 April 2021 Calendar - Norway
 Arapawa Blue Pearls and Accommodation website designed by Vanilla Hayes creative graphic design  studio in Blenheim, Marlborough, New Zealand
--
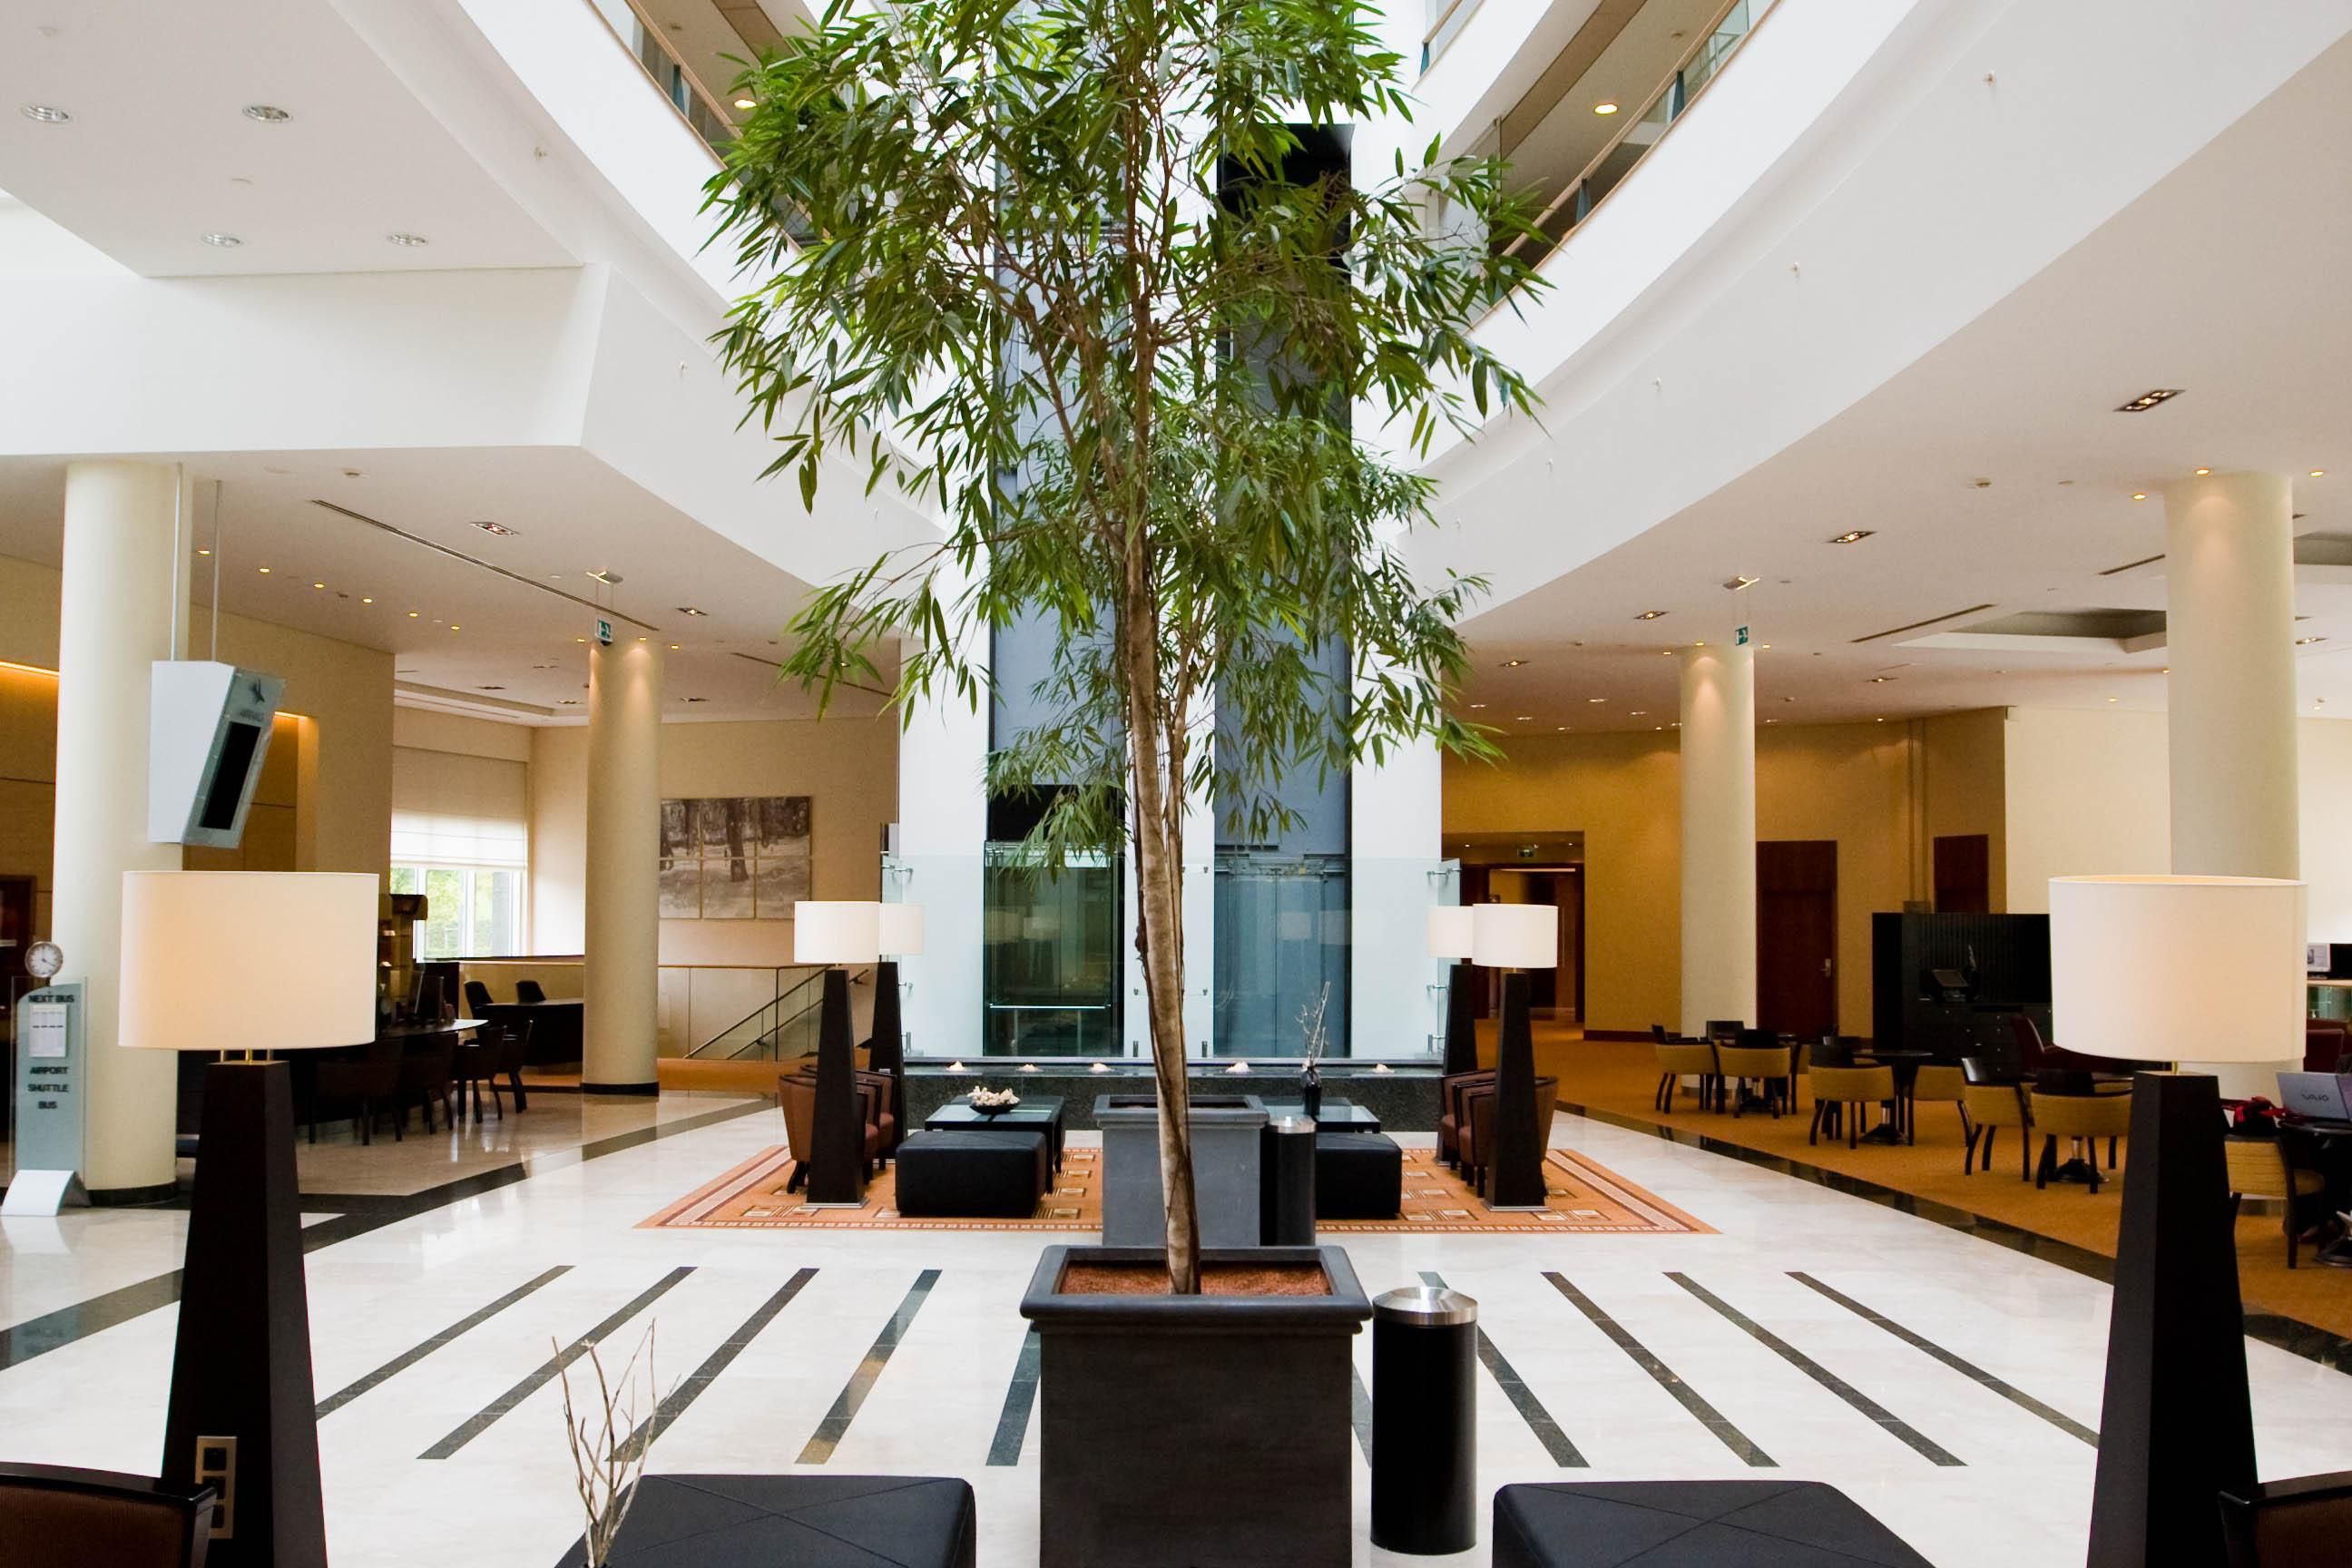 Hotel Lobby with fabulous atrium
* * *
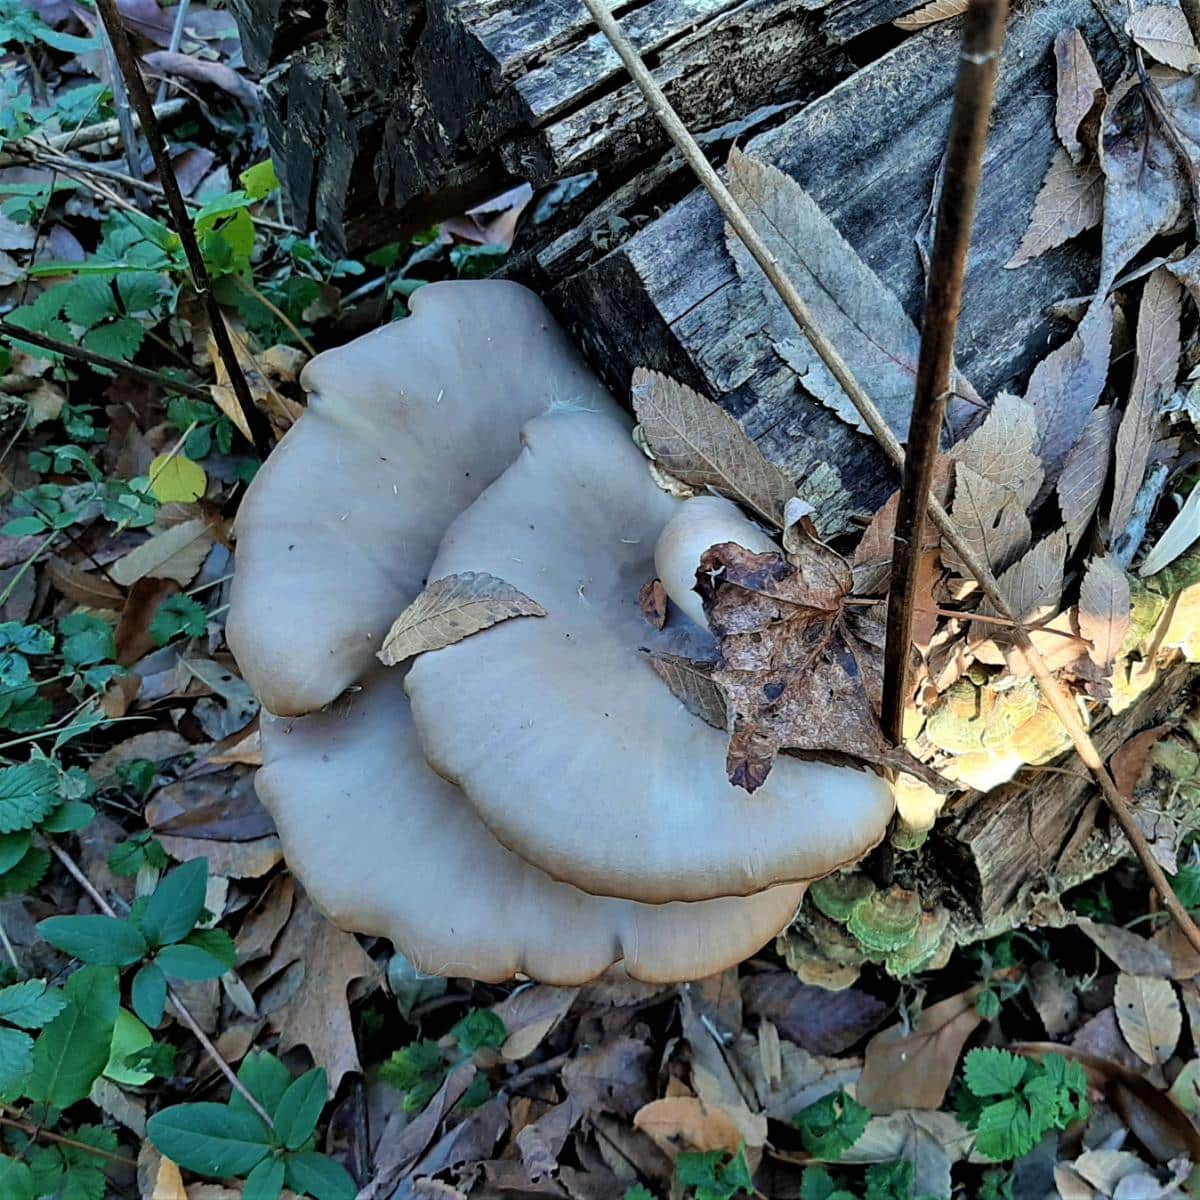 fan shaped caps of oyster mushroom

**Task:** Using the material above, transcribe exactly the lines from the line with "April 2021 Calendar - Norway" to the line with "Arapawa Blue Pearls"; both count, and nothing else goes in.

**Solution for this exercise:**
 April 2021 Calendar - Norway
 Arapawa Blue Pearls and Accommodation website designed by Vanilla Hayes creative graphic design  studio in Blenheim, Marlborough, New Zealand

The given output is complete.